There are jobs I don’t love, such as tax, taking me away from work I would prefer to do. They are the ones I outsource to others. I use tools like Hootsuite to schedule regular content to the social media platforms where my audiences regularly hang out and prefer to create my own content. I know that I can only manage 2 or 3 social media platforms well as a busy solo-entrepreneur!
Marketing can be time-consuming. A strong marketing plan and strategy will act as the bellows of your business. It will supply the oxygen to remain red-hot and ready to go in the direction you would love it to go.
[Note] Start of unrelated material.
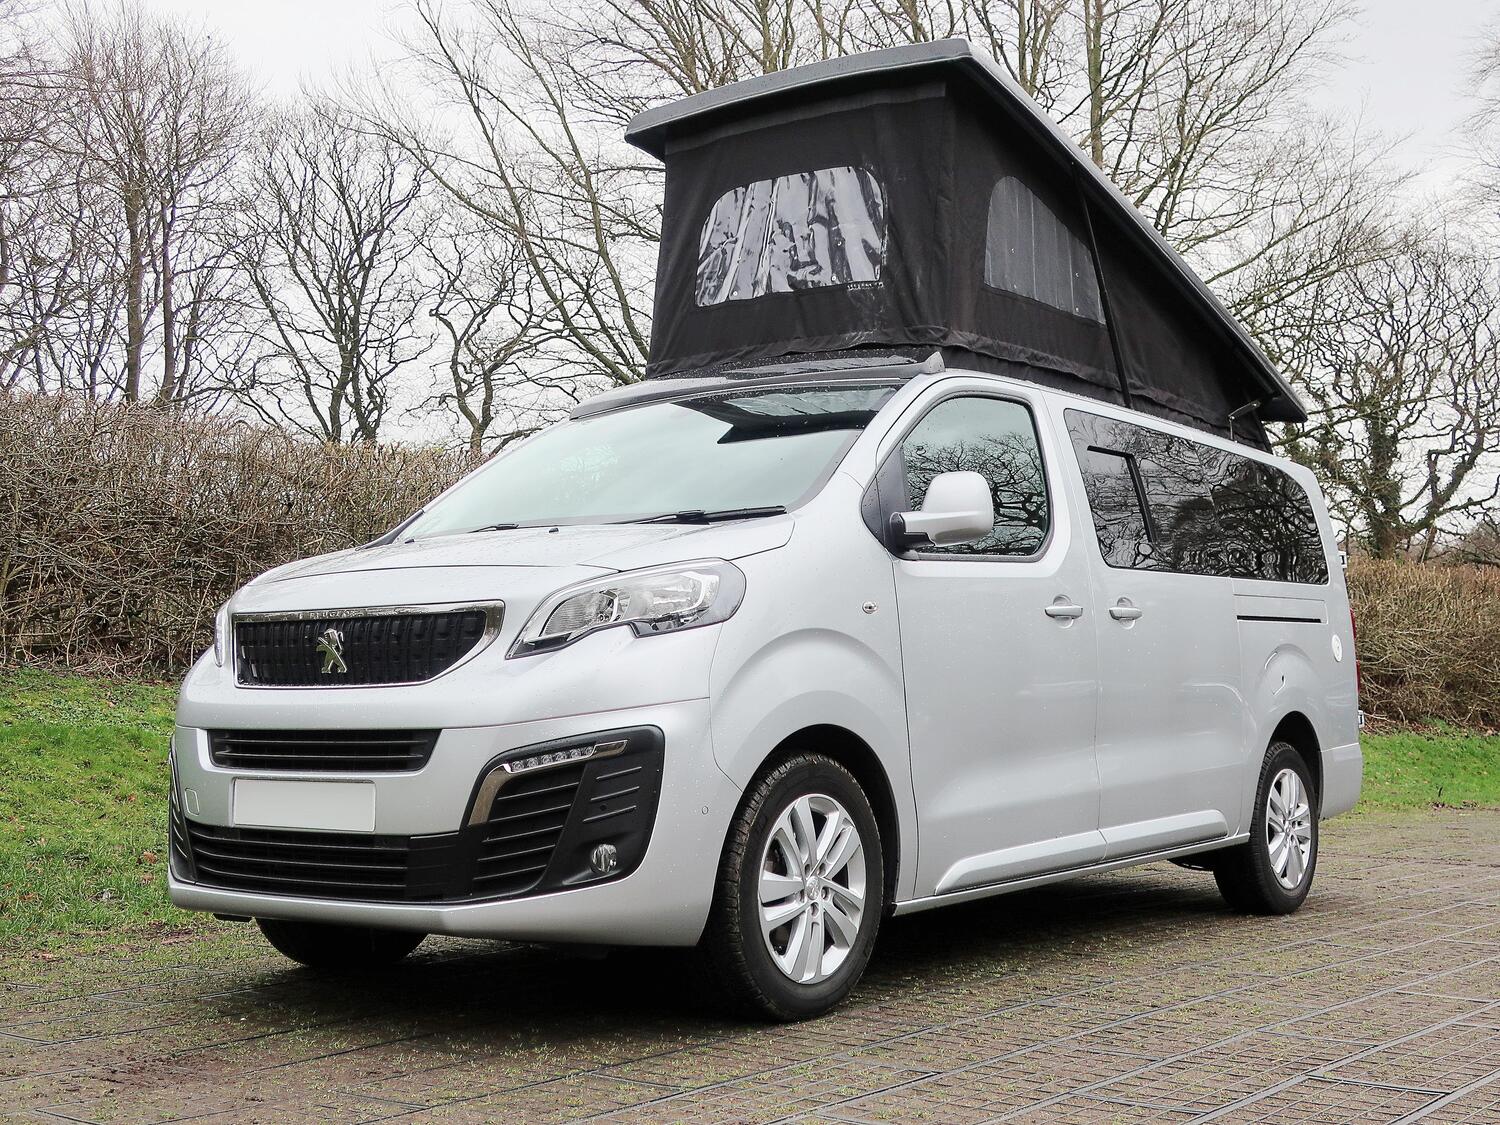 Peugeot-Expert-Long-Pro-4-BerthTravelling-Campervan- Front-Nearside-Angle-Pop-Top-Roof-Open

3. Keep your fire burning brightly
Photo credit: littlevisuals.co, pexels
There will be times you will be slaving over a hot laptop, burning the midnight oil night after night. Don’t let your passion fade. Keep it stoked up by networking with the right people. Good collaborations can enable you to reduce the effort required to do everything yourself. Then you can offer a high-quality service to an even bigger market. I’ve discovered the Athena network for ladies in my area. https://theathenanetwork.com. Jacqueline Rogers, its founder, has been a huge support. There is absolutely nothing she doesn’t know about powerful networking!
There’s no playbook for building something from scratch, so don’t be discouraged if you make a mistake. Learn from entrepreneurs who’ve gone there before. Sources like Forbes and Business Insider are full of helpful tips from those who have trodden that journey before. This article shares great advice from 6 entrepreneurs about how to grow a business http://uk.businessinsider.com/business-advice-entrepreneurs-startup-founders-ceos-2018-5
There are many forums on social media you can join but the best in my book is the fabulous freelance heroes group founded by the fantastic Ed Goodman and Annie Browne http://www.edagoodman.com/freelance-heroes/. Here you can exchange valuable ideas with other growing businesses and freelancers who go out on a limb to serve the customers they cherish each and every day.
4. Avoid getting burnt!
Photo credit: Graham Hobster, Pixabay
Just as a professional blacksmith wears protective gloves, fire-resistant boots, and eye-wear, don’t burn up unnecessary cash. Keep an eye on your bottom line and don’t be tempted to overspend. Accumulate to speculate rather than the other way round.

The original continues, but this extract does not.